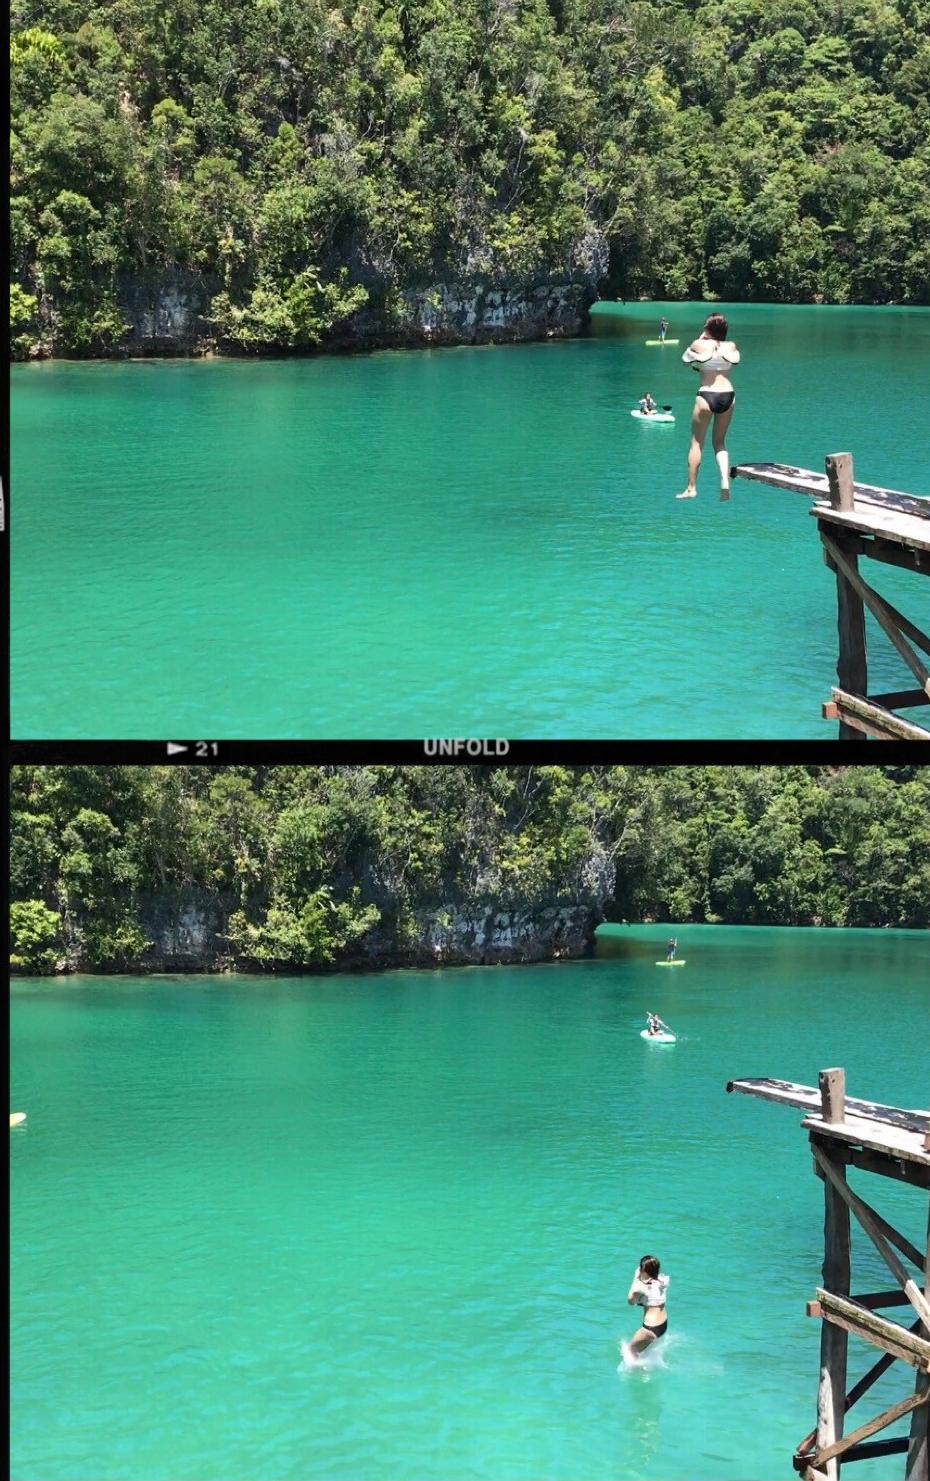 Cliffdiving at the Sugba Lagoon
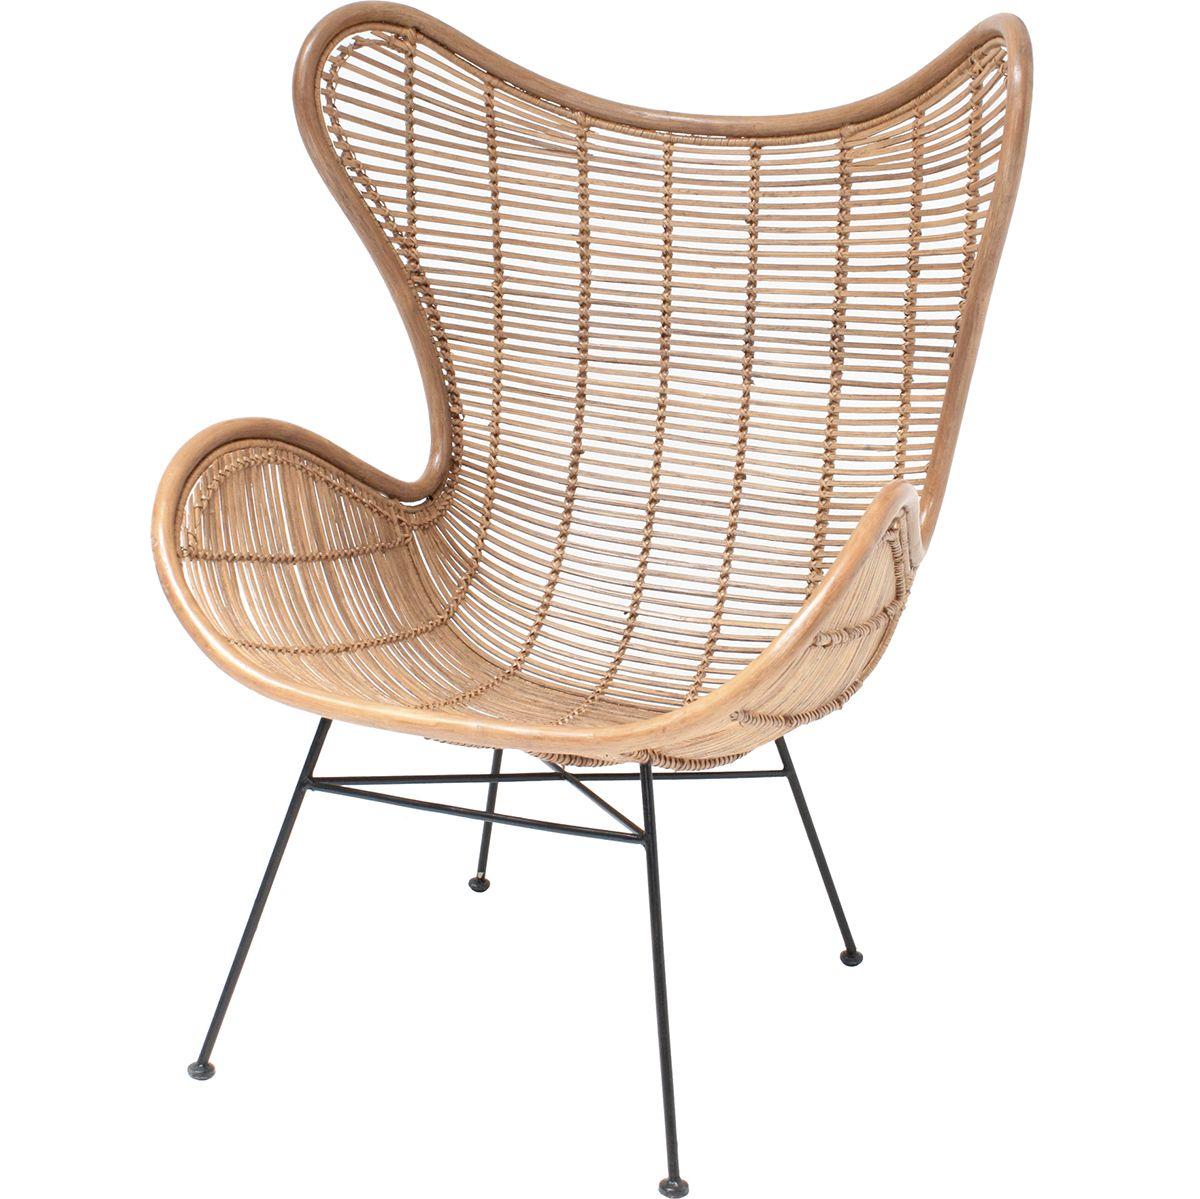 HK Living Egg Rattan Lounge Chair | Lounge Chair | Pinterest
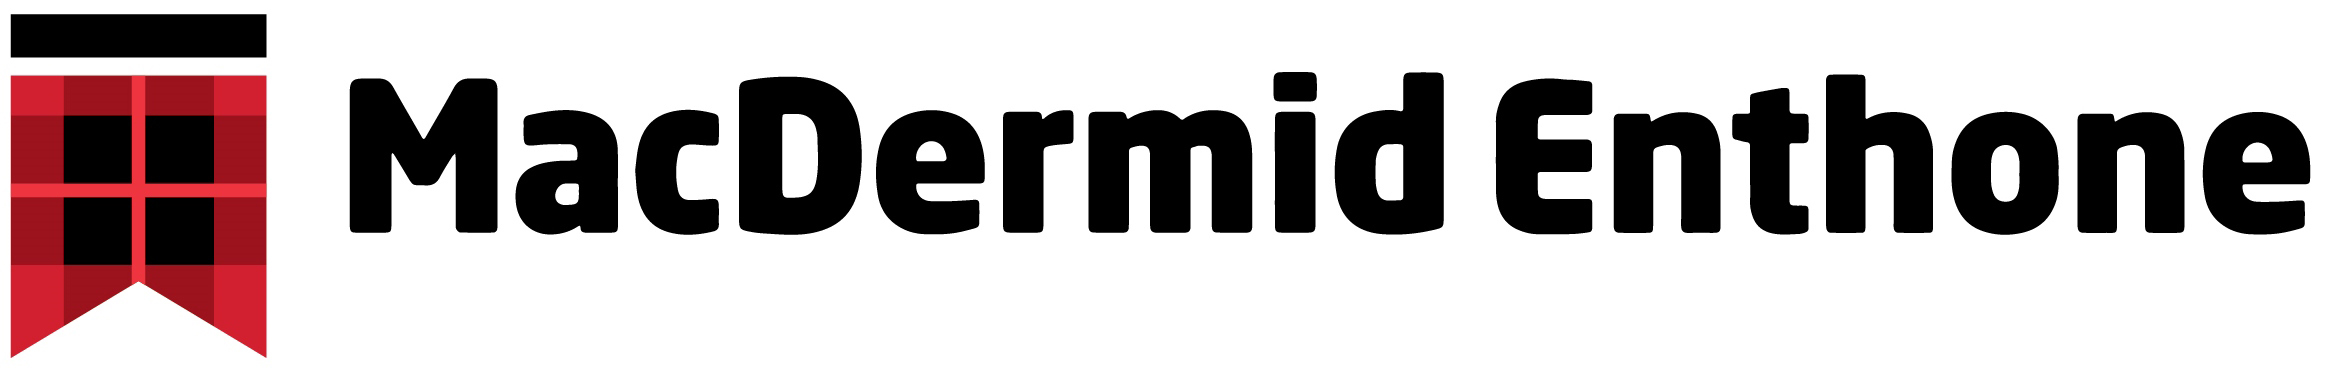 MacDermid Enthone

▶ _EXERCISE_:
Reproduce the full listing above verbatim, with no pictures included.

▶ _SOLUTION_:
 Cliffdiving at the Sugba Lagoon
 HK Living Egg Rattan Lounge Chair | Lounge Chair | Pinterest
 MacDermid Enthone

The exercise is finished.